Free Speech Union Logo
April 21, 2026

12,000 New Zealanders tell Goldsmith to put the Broadcasting Standards Authority back in its box


FOR IMMEDIATE RELEASE

12,000 New Zealanders tell Goldsmith to put the Broadcasting Standards Authority back in its box

Late on Friday afternoon, the Broadcasting Standards Authority bundled three complaints against The Platform and demanded recordings of three broadcasts. None went out over the airwaves. Every one was on the internet.

Around 12,000 New Zealanders have now written to the Broadcasting Minister through the Free Speech Union's campaign asking him to put the Authority back in its box. The number keeps growing.

"An unelected panel of four people in Wellington is working through a stack of complaints against an independent online publisher it has no statutory authority to regulate," said Jillaine Heather, CEO of the Free Speech Union. "Parliament never gave the Authority the power to hear them."

Every podcast. Every livestream.

The real consequence is not The Platform case alone - it is the precedent. Commentator Liam Hehir spelled out how far the reading reaches: any smartphone or laptop now falls within the definition, meaning any public Zoom webinar or Twitch stream could be treated as a broadcast. The Spinoff's Duncan Greive, no friend of Sean Plunket, called the decision "logically inconsistent" for exempting YouTube and Netflix while reaching for one small independent publisher. Winston Peters, David Seymour and ACT's Laura McClure have all weighed in.

"This kind of mission creep always starts with someone controversial," said Heather. "Today it is Sean Plunket. Tomorrow it is a podcaster with 400 listeners, or a community group on Zoom."

The Minister needs to act 

The Authority has no code for online content, no consultation, and no guidance. It will judge an online publisher against standards it has not defined, using powers Parliament never granted. The Broadcasting Minister has already signalled the Authority will "probably" be scrapped. Probably is not good enough.
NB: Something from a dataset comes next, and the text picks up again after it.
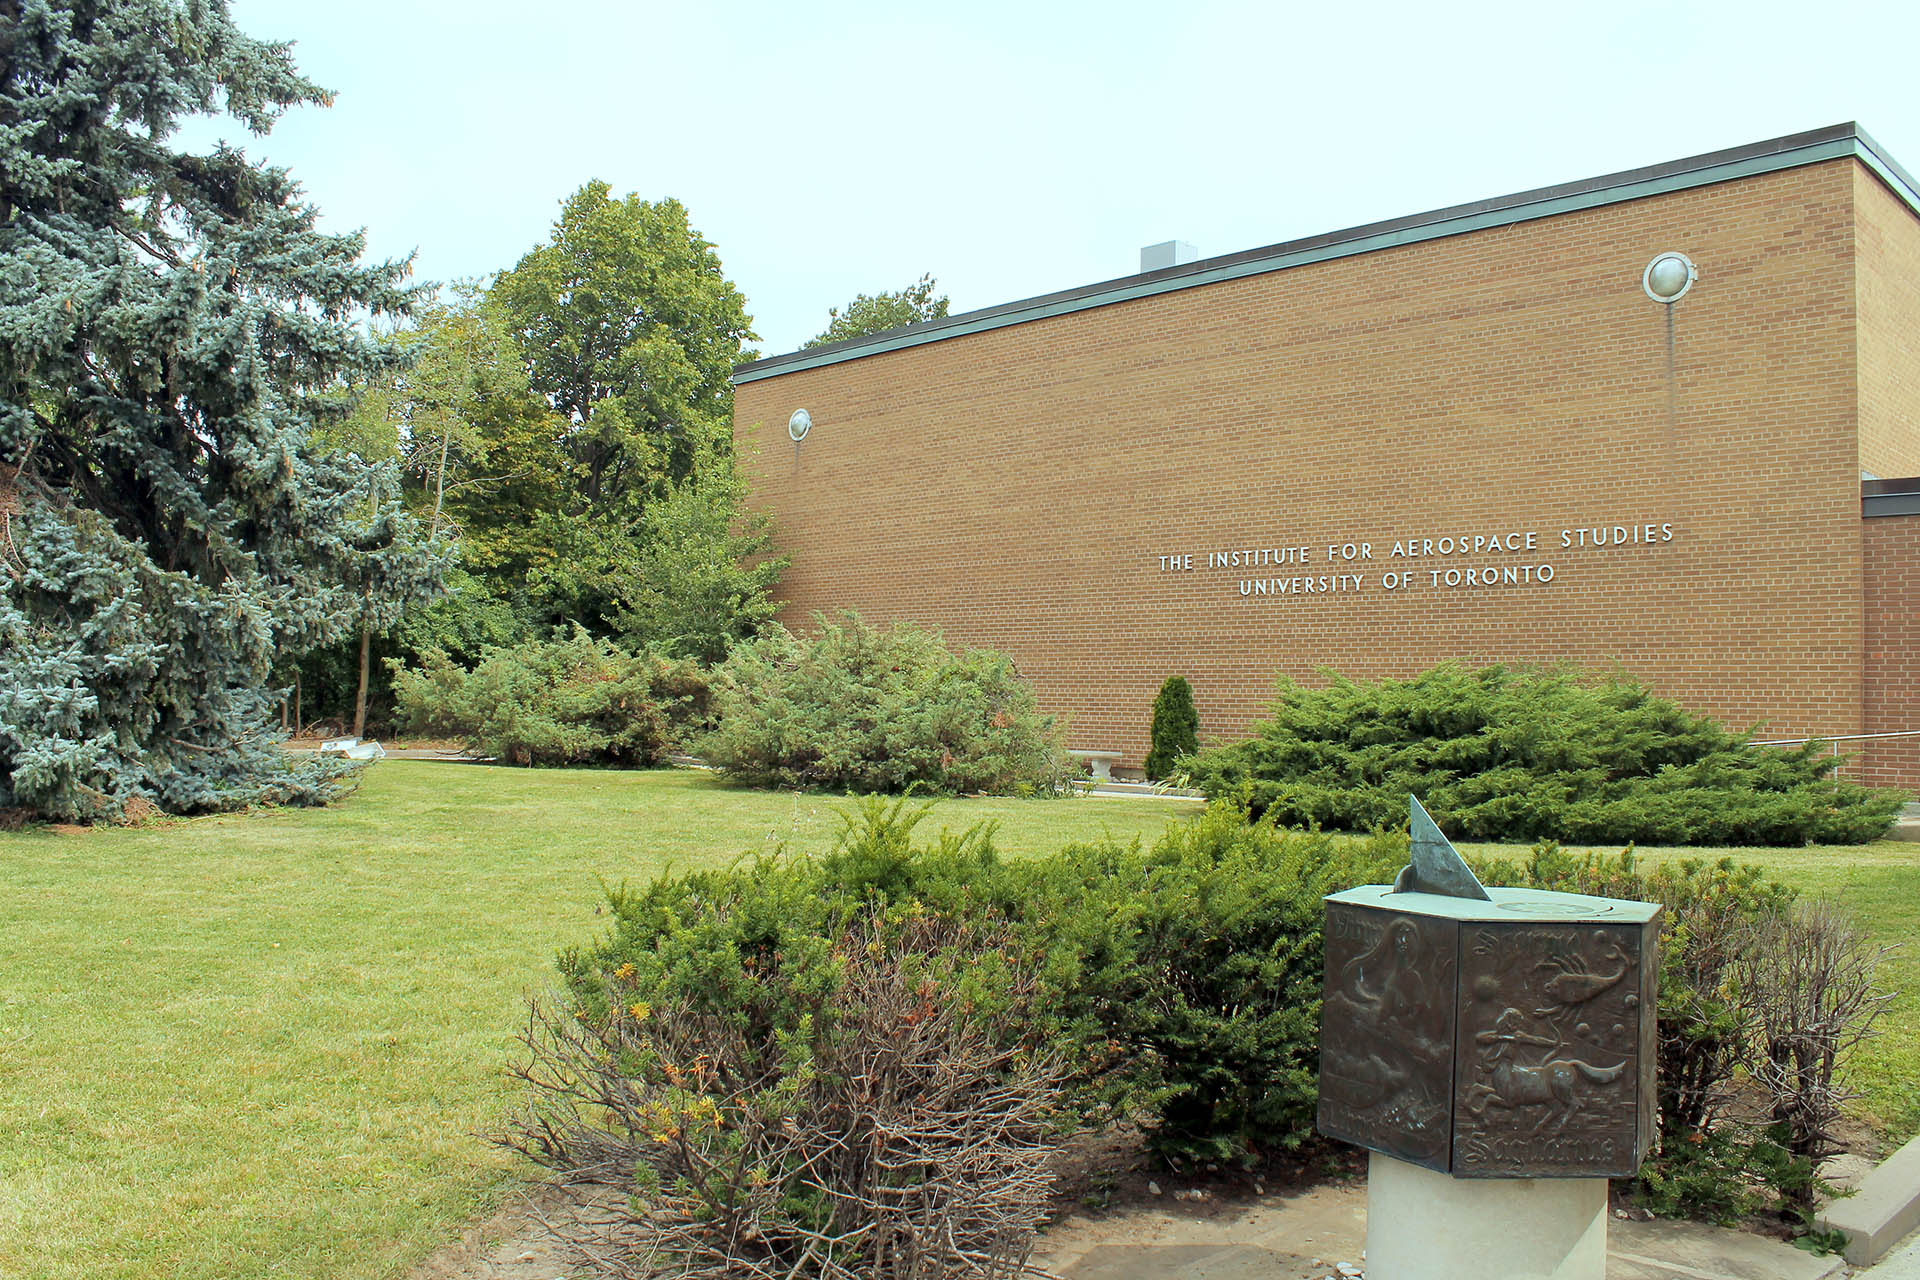 The UTIAS building at University of Toronto North Campus.

The Free Speech Union is calling on Minister Goldsmith to:

Publicly confirm the Broadcasting Act does not extend to online content

Direct the Authority to pause all complaints against online publishers pending legislative clarification

Bring forward the Government's response on the future of the Authority

"If New Zealanders want online speech regulated, that is a conversation for Parliament, in public, with the Bill of Rights Act at its centre," said Heather. "Not a regulator that spent twenty years asking for this power, then claimed it through a single jurisdictional ruling."

ENDS

Notes to editor:

On Friday 17 April 2026 the Broadcasting Standards Authority formally notified The Platform of three complaints from the same complainant, relating to broadcasts on 22 July, 15 October and 20 October 2025.

The Authority's jurisdiction decision (ID2025-063) was published on 1 April 2026 and is the first time the Authority has claimed jurisdiction over an independent online publisher.

The Free Speech Union's petition to the Broadcasting Minister has been running since August 2025. Total signatures to date exceed 11,800.